Viewing Franklin’s experience as a model for self-improvement, the college
presidents in charge of senior seminars emphasized the importance of
cultivating the virtue of humility and avoiding the sin of pride. As devout
Christians, they departed from the deist Franklin’s example to some extent,
instructing their students that they should let their lives be guided not by
proud, individualistic self-determination but by God’s will, as discerned both
personally, through intuition, and socially, through fellowship with other
believers. Nonbelievers who doubted the usefulness of living in accordance with
God’s will were instructed to “act as if” God existed and were promised that,
with time, the emotional benefits of living spiritually would become obvious.
Within the
academy, this basic prescription for earthly happiness — in the words of
Williams College President Mark Hopkins, “as your character is, so will your
destiny be” — reigned supreme for almost three centuries, from Harvard’s
founding in 1636 until the early twentieth century. As campus populations grew
to the point where it became impractical for one person to conduct a seminar
for all seniors, college presidents reorganized their ideas into series of
Sunday sermons, which undergraduates regularly attended.
Off campus, books
based on their class outlines, chapel sermons, and lectures were widely popular
from the end of the American Revolution until the First World War. These works,
in turn, influenced movements ranging from Christian Science and the Salvation
Army to the explosion of business-education programs emphasizing character and
personal integrity.
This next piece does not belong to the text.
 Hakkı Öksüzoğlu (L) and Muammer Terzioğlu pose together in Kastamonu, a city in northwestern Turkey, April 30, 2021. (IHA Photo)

Acres of Diamonds (1890),
based on a lecture by Baptist minister and Temple University
founding president Russell Conwell, remains one of the most successful business
self-help tracts in American history. (Temple University football players still
wear diamond trim on their collars in commemoration of Conwell, and the lecture
is the inspiration for the school’s mission statement.)
Tempering Vice
One of the most
prominent public missions of the college presidents was the prevention and
treatment of alcoholism. School leaders like Edward Hitchcock, president of
Amherst from 1845 to 1854, recognized drunkenness as a major social problem and
devoted their energies to both defining it as a moral sickness and supporting
solutions based on character improvement. Reverend Jesse Appleton, president of
Bowdoin College from 1807 to 1819, delivered the first annual discourse before
the Bath Temperance Society on May 11, 1813; Jeremiah Day, president of Yale
College from 1817 to 1846, became the first president of the Connecticut State
Temperance Society in 1829; and many others were involved in the temperance
movement across the country.
The principles of
confession, moral reformation, and the surrender to divine guidance, all key
features of the senior seminars, were central to a number of nineteenth-century
recovery movements as well. The most prominent of these were the Washingtonian
Movement of the 1840s, which claimed to have helped 600,000 alcoholics; its
outgrowth, the Martha Washingtonians, a support group organized by and for
relatives of alcoholics; the Independent Order of the Good Templars, a
secretive society founded in 1851 that claimed more than 400,000 recovered
alcoholics; and the “Red Ribbon” and “Blue Ribbon” reform clubs of the 1870s,
which stressed the importance of recovered alcoholics reaching out to help
those still drinking.
Spiritual
approaches to health and happiness advocated by academic leaders, still very
popular at the end of the nineteenth century, served as an important
counterweight to the growing influence of biological determinism on social
thought. While the incipient eugenics movement viewed the lesson of evolution
to be that success or failure in life is genetically foreordained, the
therapeutic and self-help camps continued to hold that positive life changes
were within each person’s power to pursue.
Of particular note
at the turn of the twentieth century is the Emmanuel Movement, which offered
what might be considered the first psychotherapy programs for the general
public aimed not at curing the worst psychiatric problems but at helping people
who were psychologically healthy yet nonetheless unhappy. In 1905, Dr. Joseph
Pratt of Massachusetts General Hospital, looking to expand access to
tuberculosis treatment for Boston’s poor, enlisted the aid of the Episcopal
priest Elwood Worcester, whose parish, Emmanuel Church, was soon hosting
classes on the medical advantages of rest, nutrition, and fresh air. With the
success of this initial project, Worcester took the lead in broadening the
mission to serve the “nervously and morally diseased,” fostering collaboration
between doctors at Boston-area medical schools and the Episcopal clergy to
establish a church-based clinic where (alongside regular clinical offerings)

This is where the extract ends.